A giudicare dalla grafia elegante ma quotidiana, dall’uso dello stick di burro e dal forno indicato in Fahrenheit, questa ricetta potrebbe risalire agli anni ’40 o ’50 negli Stati Uniti: un’epoca in cui le nonne annotavano tutto con cura, e ogni pagina diventava un piccolo tesoro famigliare.
La ricetta si intitola “French Apple Cake”, la Torta di Mele Francese, anche se – a ben guardare – ha più il sapore delle nonne americane che delle pasticcerie parigine. È una torta ricca, sostanziosa, fatta per riempire la casa di profumo di mele e noci quando fuori si avvicinava l’inverno.
La ricetta, tradotta con amore:
La cuoca dell’epoca inizia setacciando farina, bicarbonato e sale, poi mescola zucchero e olio, aggiungendo le uova una dopo l’altra – come si faceva un tempo, senza fretta.
Quando l’impasto è pronto, arrivano le mele tritate, tante, e le noci, che danno croccantezza e calore.
La torta va cotta lentamente, a bassa temperatura, “fino a quando la cucina non profuma di casa”, potremmo aggiungere noi.
Poi arriva il vero tocco d’altri tempi: una glassa di zucchero di canna, densa, scura e lucida, fatta bollire un minuto soltanto, come nelle vecchie ricette in cui tutto era semplice ma incredibilmente buono.
Il quaderno dice che la torta “rimane fresca per settimane se tenuta coperta”.
E questo ci racconta un mondo in cui i dolci duravano davvero a lungo, non perché nessuno li mangiasse… ma perché le dosi erano abbondanti e le famiglie ancora più numerose.
Un assaggio di storia, una fetta di nostalgia
Immaginare chi scrisse questa ricetta è facile: una donna con il grembiule legato in vita, una matita consumata, magari una radio accesa in sottofondo – forse Glenn Miller, forse Ella Fitzgerald.

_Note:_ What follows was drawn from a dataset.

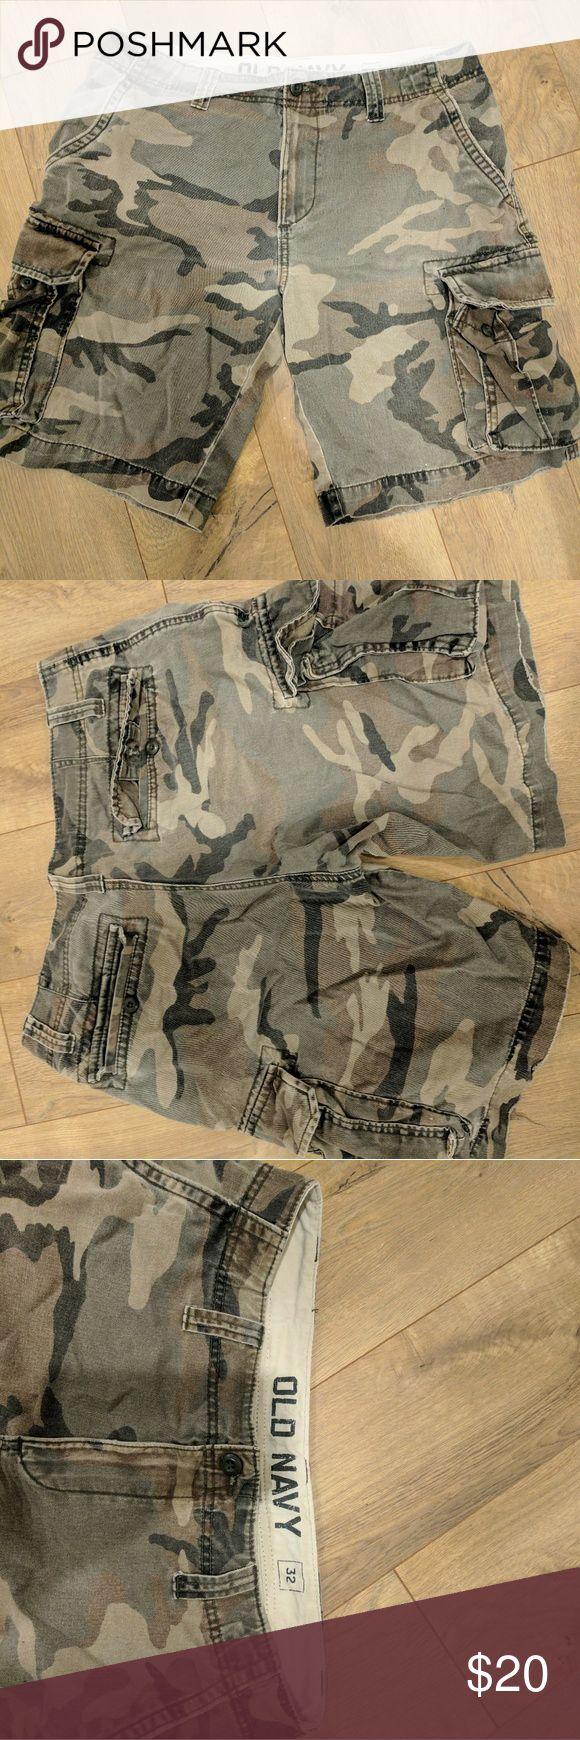 Old Navy Army Shorts Cargo army shorts Old Navy Shorts Cargos
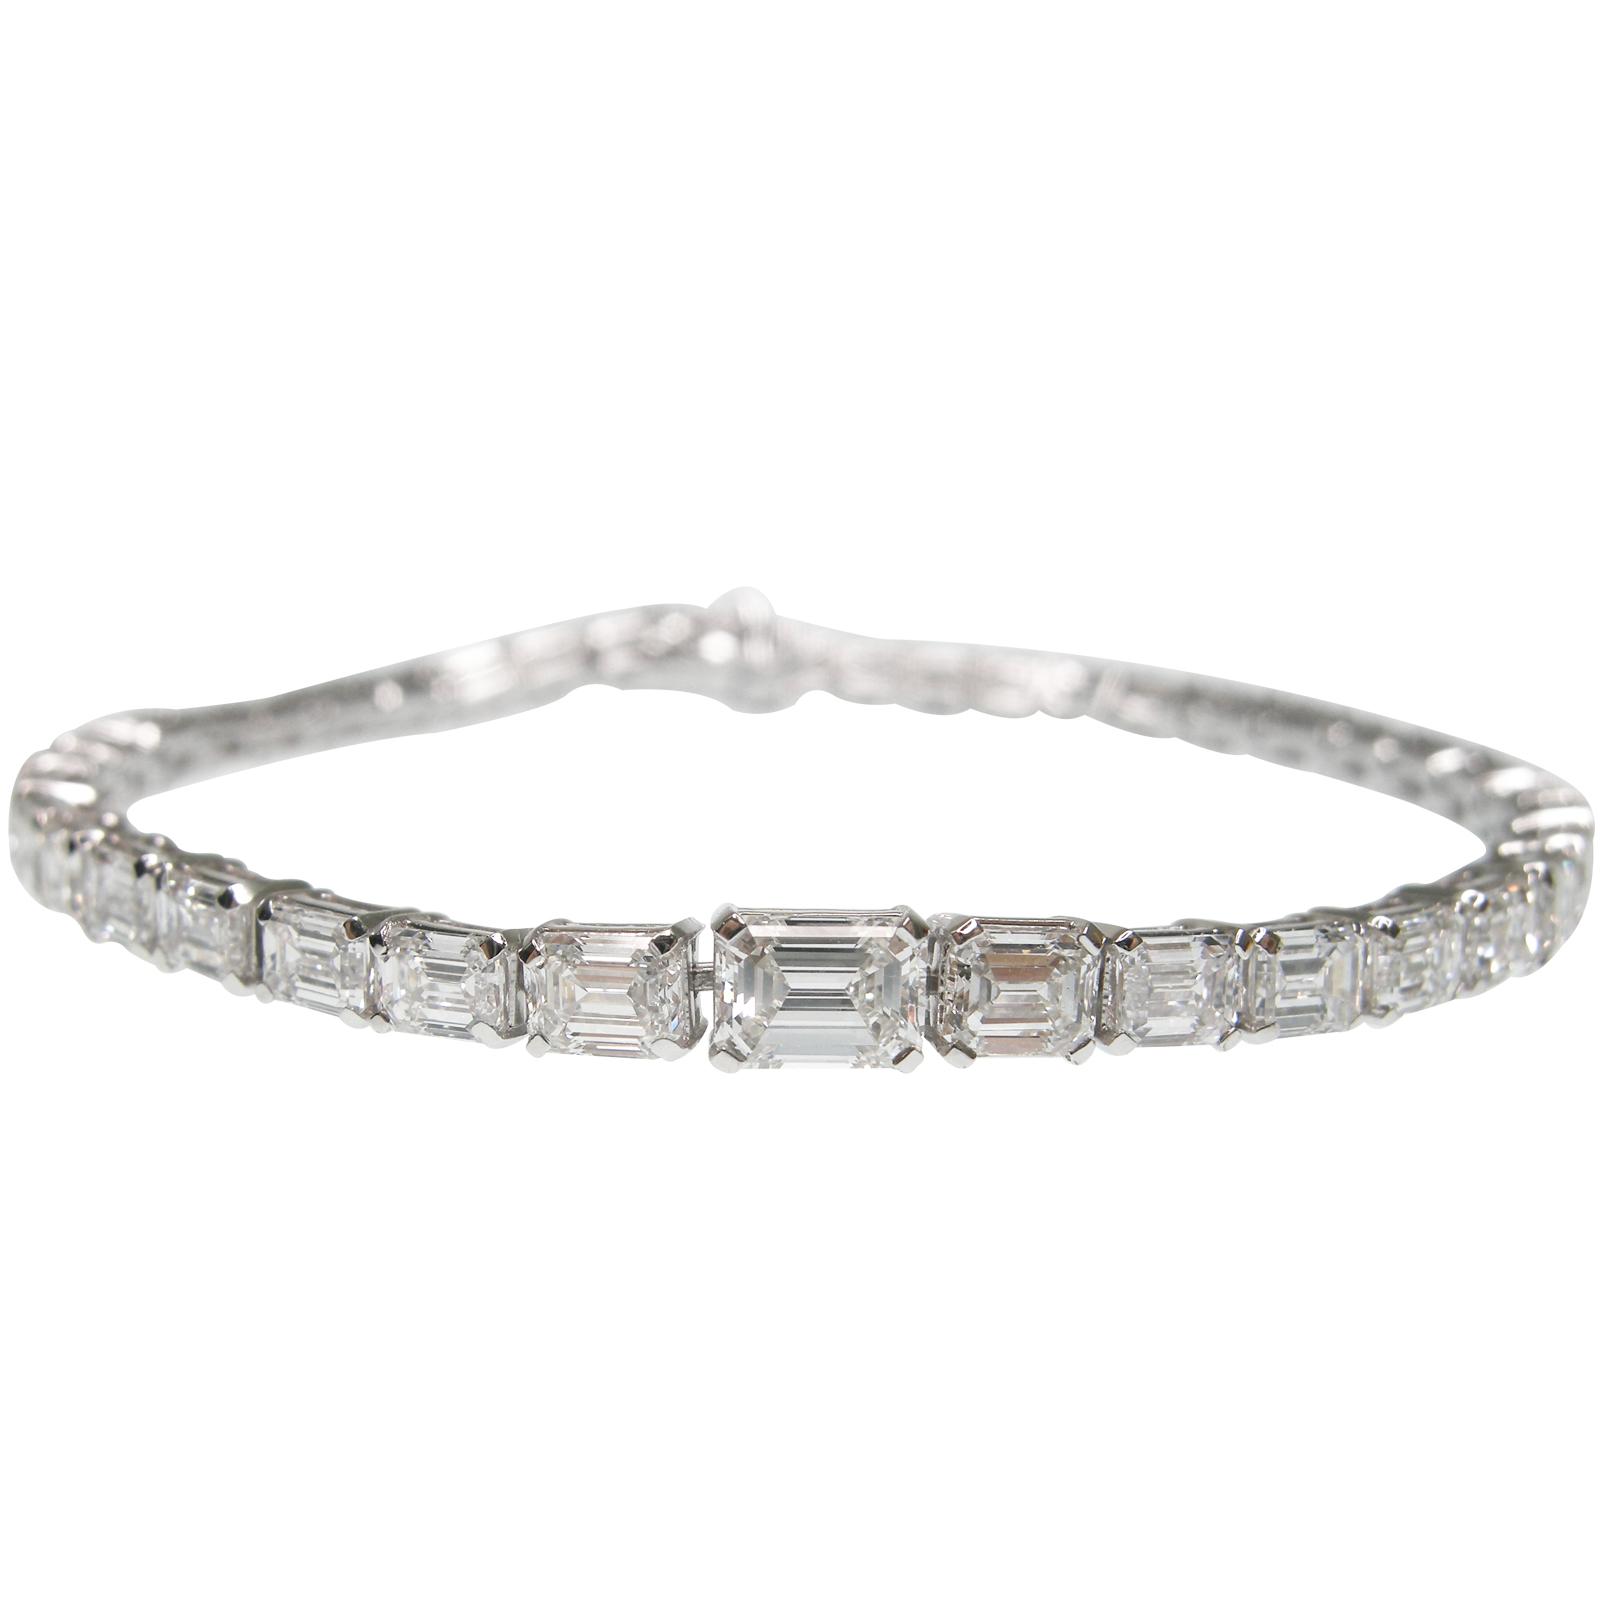 GRADUATED EMERALD CUT DIAMOND TENNIS BRACELET CLUSTER DIAMOND PENDANT BESPOKE FINE JEWELLERY BY SHAHINA HATTA

Quel giorno, tra bambini che correvano e pentole che borbottavano, trovò il tempo di scrivere una ricetta perfetta per i giorni di pioggia.
Oggi, riportarla alla luce significa dare nuova vita a un piccolo frammento di memoria culinaria.
Con questo anche oggi siamo arrivati al termine del nostro almanacco e non posso far altro che darvi appuntamento per domani, un abbraccio a tutti buon inizio settimana e ricordatevi sempre che comunque vada ci ritroviamo a casa.